The holidays are a wonderful time, with families and friends gathering for evenings of fun and food. In most households, these gatherings include some adult beverages, especially wine when it comes time to sit down to the holiday dinner table.

There are numerous challenges faced by those hosting the gathering or the people tasked with bringing the wine. How much wine do I need? What kind of wines should I bring? How will the wine selections pair up with the food on the table?

All of these questions can make the wine buying process overwhelming for some and flat our uncomfortable for many. Let’s face it, people remember what happens during the holidays more than they do other events or gathering, so it’s even more important to get it right. Here’s a little guide to help you nail it.

How much wine do I need?

A regular sized (750ml) bottle contains five 5-ounce glasses of wine. Do your best to get an accurate number of guests and estimate each of them enjoying two glasses. If your group is one that tends to drink a little more or less than the average, simply adjust up or down accordingly. I always estimate high and bring a coupe of extra bottles. The worst thing you can do is run out of wine in the middle of a holiday dinner or party when all the stores are closed.

What kind of wine do I need?

This one can be a little tricky, especially if you are guessing blind. Preparation is key here. If you’re not sure what the guests like to drink, it can really pay off to ask. If you’re buying for family members, think back to what they enjoyed at previous gatherings. Keep some mental notes this year to help you prepare for next year.

If you don’t have a clear picture of everyone’s preference then, diversity is the key. Most wine shops are happy to sell you a mixed case or half case of wine and will offer a discount for doing so, this gives you some nice flexibility.

What wines will work with the food being served?

This is where it is wise to seek some help. Most independent wine shops in our area have the owner in the store or at least employees knowledgeable enough to help you out. It’s probably not a good idea to walk into a large chain grocery store or wholesale club and wing it, as you aren’t likely to get the help you need.

Here’s a look at a few of my recommended wines for your holiday table:

Mionetto Avantgarde Prosecco, $13.99

This delightful Italian bubbly is light, crisp and refreshing. It’s great way to start the party (aperitif) and will pair well with most light appetizers and cheeses.

Danzante Pinot Grigio, $11.99

A wonderfully fresh and fruity white, which will pair really well with any seafood offerings and has just enough body to work well with poultry.

Clear Night Riesling, $11.99

This classic German wine has a good level of sweetness without being a “sugar bomb”. This wine will pair fantastic with turkey.

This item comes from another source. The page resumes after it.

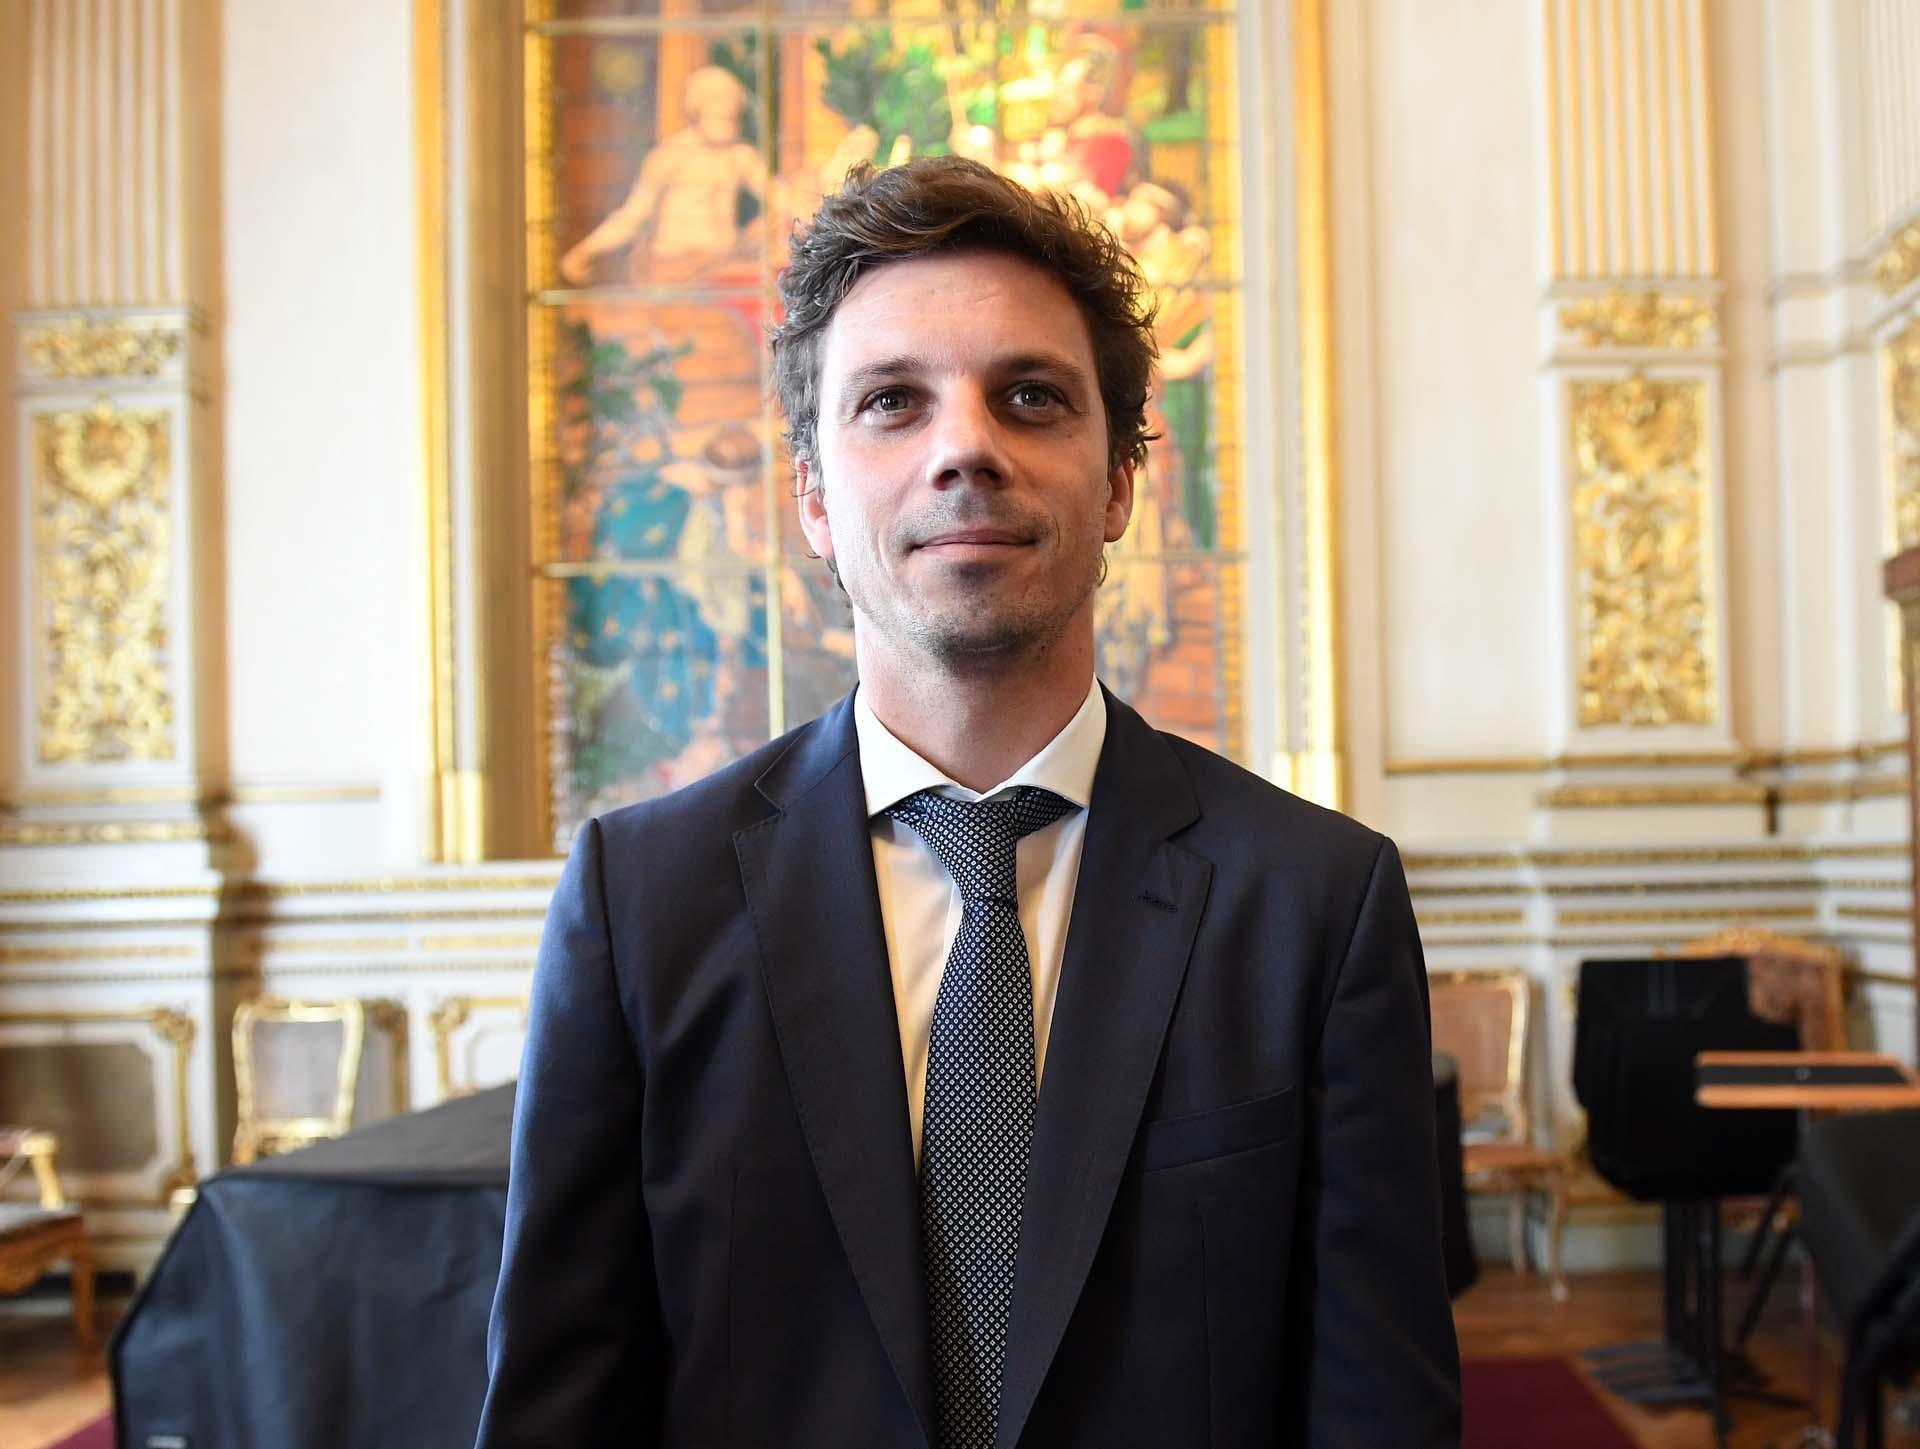 Facundo Bargalló, quien reemplazará a Juan Bautista Mahiques en el Consejo de la Magistratura y como subsecretario de Asuntos Penitenciarios.

Prophecy Pinot Noir, $12.99

A lighter bodied red that offers great diversity for food pairings. You can serve it with salmon, turkey, or ham. It will satisfy most red drinkers or isn’t overly bold.

Chloe Cabernet, $12.99

Cabernet is the number one varietal (type of wine) sold in America. Many cabernet drinkers are very loyal and don’t like to substitute. This cab leans to the elegant and subtle side, which will help it appeal to a larger group of people.

I hope you found this guide helpful in your holiday wine planning. Cheers to a holiday season filled with friends, family, food and fun (and of course wine)!